Interesting, thanks. I have used MC and just followed the recipe with ammonia
and never questioned. It worked but I like carrageenan better. I just make what
I need for the day and don't store it. Now I am curious as to what ammonia may
do to carrageenan, if anything. Always experimenting.

Iris Nevins
www.marblingpaper.com<http://www.marblingpaper.com/>
   ----- Original Message -----
   From: carylhanc@...<mailto:carylhanc@...>
   To: Marbling@yahoogroups.com<mailto:Marbling@yahoogroups.com>
   Sent: Thursday, September 15, 2011 2:22 PM
   Subject: Re: [Marbling] Re: to Rinse or not to Rinse...


   Hi, Iris and all,


   The ammonia has to do only with the use of methylcel, which does not actually
dissolve, but swells, and it needs a higher pH to do that.  Most recipes for
using M/C include some quantity of ammonia (clear, unscented, non-sudzing)  - 1
tsp to 1 TBSP/gallon, added after the M/C has had a brief chance to  be stirred
to disperse in the water.  For me, that is usually a couple of minutes, despite
the recipe suggesting to wait several minutes to 1/2 hour.
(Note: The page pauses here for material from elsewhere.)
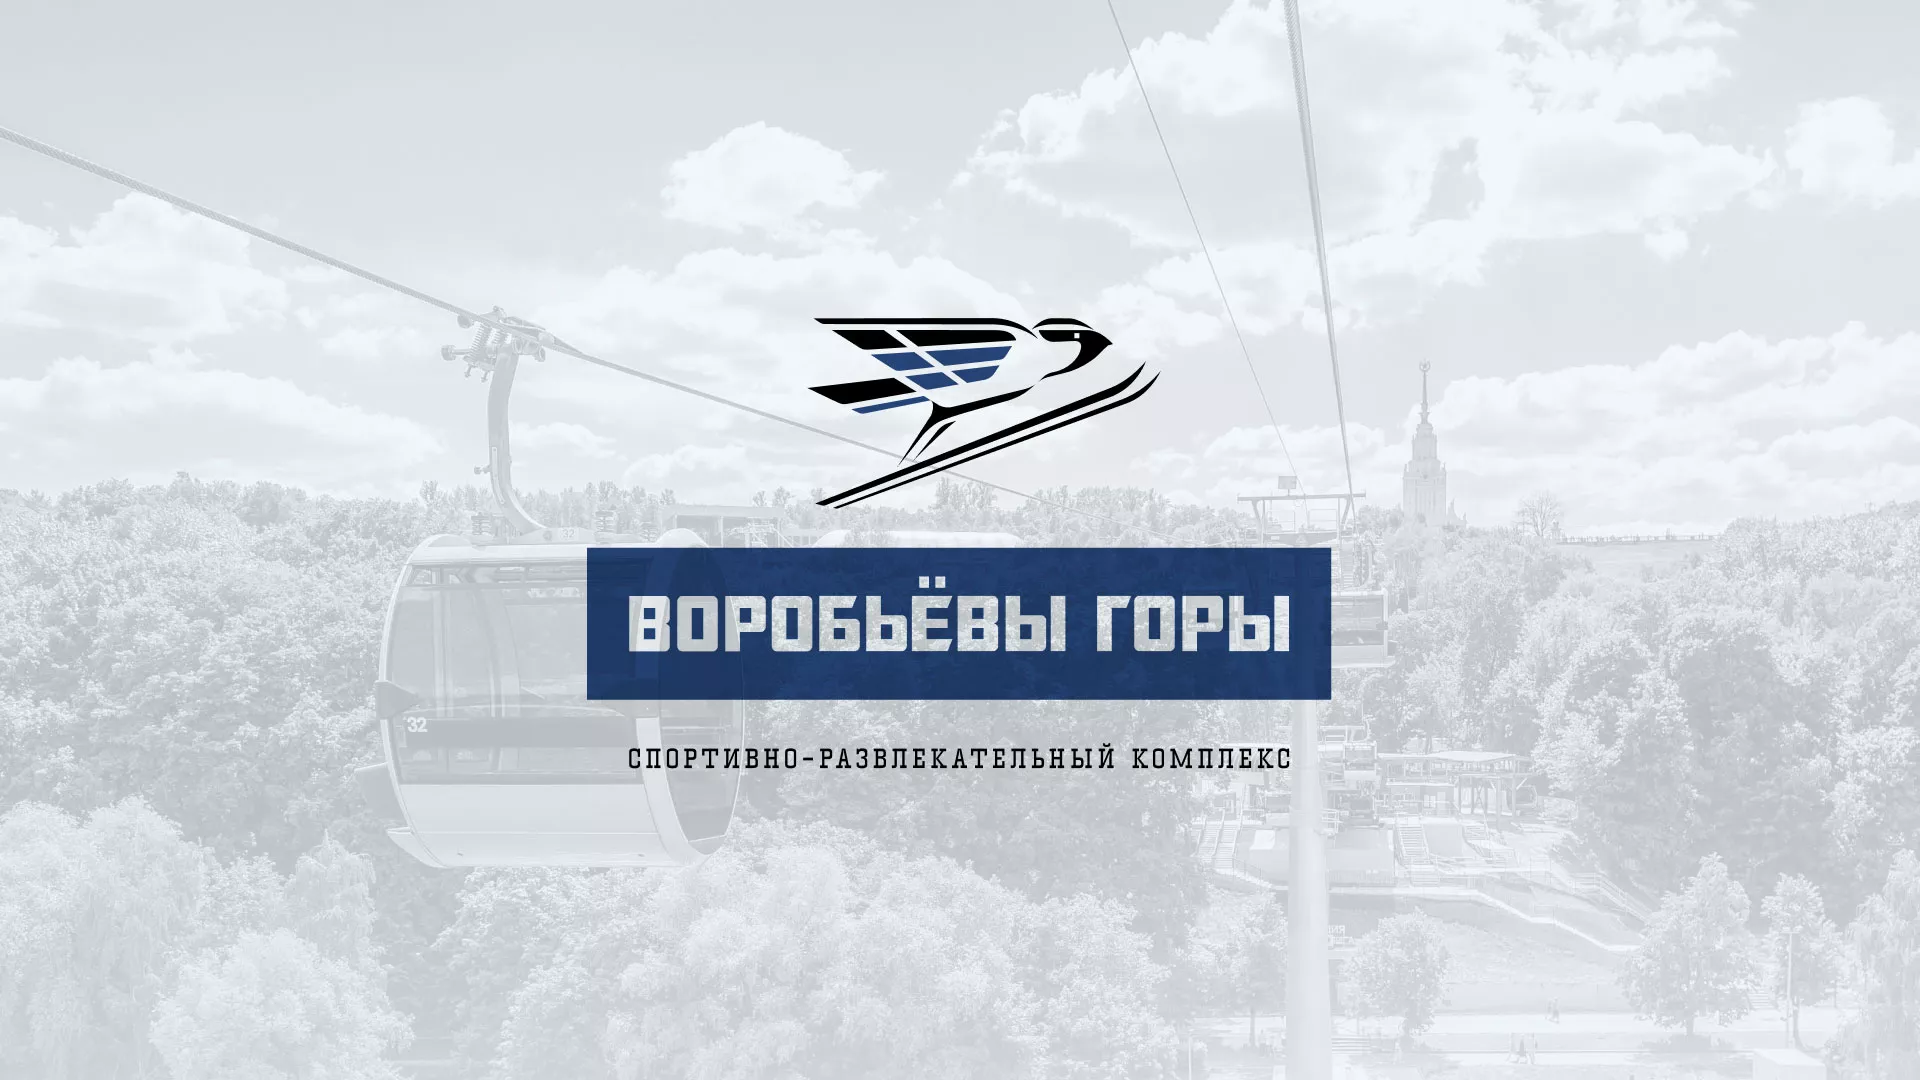 Разработка сайта в Костомукше для спортивно-развлекательного комплекса «Воробьёвы горы»

   Without adding the ammonia, the M/C will form gelatinous clumps or a huge mass
(think Jello!) on the bottom of the bucket, which no amount of stirring,
blending, pushing through a sieve, or even adding the ammonia then, etc., will
disperse (learned that lesson the hard way!). I did get one M/C supplier to
finally acknowledge that insufficient ammonia was the culprit in the mess, and
very early on in my experience, when that happened to me, another supplier
suggested that I had "old" ammonia. While I don't usually test my water pH each
time I make a batch of size, I also usually err on the side of adding an extra
small splash of ammonia. I try to aim for a pH of about 8 in the water for
mixing the M/C.  And what often happens by the time the M/C has aged, the pH has
returned to about 7 or neutral; I figure that is because the ammonia (NH4OH) has
"separated," and the ammonia has dispersed into the air and the OH- has joined
its companions in the bucket of water. Please keep in mind
    that my high school and college chemistry was very long ago!


   I hope that helps!


    Caryl in Indiana


   -----Original Message-----
   From: irisnevins <irisnevins@...<mailto:irisnevins@...>>
   To: Marbling <Marbling@yahoogroups.com<mailto:Marbling@yahoogroups.com>>
   Sent: Thu, Sep 15, 2011 9:38 am
   Subject: Re: [Marbling] Re: to Rinse or not to Rinse...





   I imagine it varies from one paint maker or method to another. So do what
works. Water softeners don't like my paints one bit!  It's not a drastic
difference, but enough to be annoying when you know the paper would be better
with other water.

   One thing, and maybe it relates more to acrylics, and I don't pretend to know
everything about marbling....but why exactly is the PH and issue. I never heard
a thing about it until people marbling with acrylics on MC size. Will test mine
out of curiosity... or maybe  just add ammonia for the fun of it in a test tray.
I will be using watercolors. Try everything is my motto, sometimes it works.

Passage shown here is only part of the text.